Filtering by missingness¶

import pandas as pd
import numpy as np

df = pd.DataFrame({
    "name":   ["Alice","Bob","Carol","Dave"],
    "age":    [25, np.nan, 35, np.nan],
    "salary": [50000, 60000, np.nan, 90000],
})

# Rows where age is missing
print(df[df["age"].isna()])
print()

# Rows where age is NOT missing
print(df[df["age"].notna()])
print()

# Rows missing in ANY column
print(df[df.isna().any(axis=1)])
print()

# Rows missing in ALL columns
print(df[df.isna().all(axis=1)])

Strategy 1: Drop missing — `.dropna()`¶

import pandas as pd
import numpy as np

df = pd.DataFrame({
    "name":   ["Alice","Bob","Carol","Dave"],
    "age":    [25, np.nan, 35, np.nan],
    "salary": [50000, np.nan, np.nan, 90000],
})

# Drop rows with ANY missing
print(df.dropna())
print()

# Drop rows missing in SPECIFIC columns
print(df.dropna(subset=["age"]))
print()

# Drop rows with ALL columns missing
print(df.dropna(how="all"))
print()

# Drop COLUMNS with any missing
print(df.dropna(axis=1))
print()

# Keep rows with at least N non-null values
print(df.dropna(thresh=3))

Use sparingly — dropping rows discards data. Often a smarter fill is better.

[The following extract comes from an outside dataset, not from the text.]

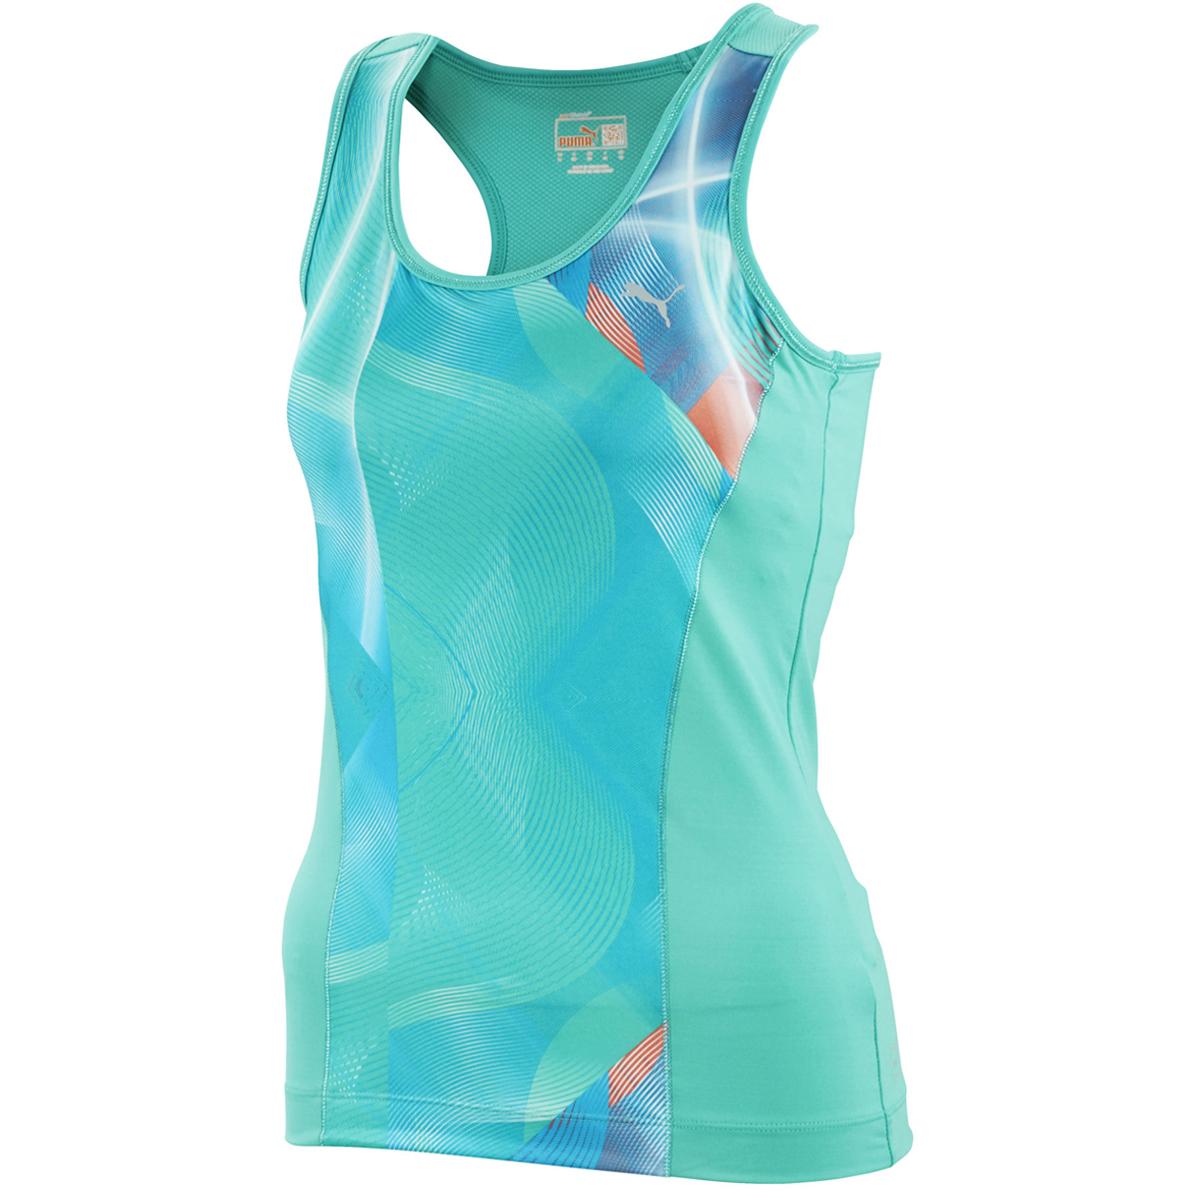 Puma Womens Graphic Gym Racerback Tank Top Vest T-Shirt Bra Support

Strategy 2: Fill with a value — `.fillna()`¶

import pandas as pd
import numpy as np

df = pd.DataFrame({
    "name":   ["Alice","Bob","Carol","Dave"],
    "age":    [25, np.nan, 35, np.nan],
    "salary": [50000, np.nan, 75000, 90000],
})

# Fill ALL NaN with 0
print(df.fillna(0))
print()

# Fill different cols with different values
print(df.fillna({"age": -1, "salary": 0}))
print()

# Fill with column mean (numeric)
df["age"]    = df["age"].fillna(df["age"].mean())
df["salary"] = df["salary"].fillna(df["salary"].median())
print(df)

Strategy 3: Forward / backward fill — `ffill` / `bfill`¶

For time series, "carry the last known value forward":

import pandas as pd
import numpy as np

df = pd.DataFrame({
    "date":  pd.date_range("2025-01-01", periods=6),
    "price": [100, np.nan, np.nan, 105, np.nan, 110],
})

print("Original:")
print(df)
print()

df["price_ffill"] = df["price"].ffill()      # carry forward
df["price_bfill"] = df["price"].bfill()      # carry backward
print(df)

Strategy 4: Interpolate — fill the gap smoothly¶

import pandas as pd
import numpy as np

df = pd.DataFrame({
    "temp": [20, np.nan, np.nan, 23, np.nan, 27],
})

df["linear"]    = df["temp"].interpolate(method="linear")
df["quadratic"] = df["temp"].interpolate(method="quadratic")
print(df)

interpolate is great for time series and any monotonic-ish numeric data.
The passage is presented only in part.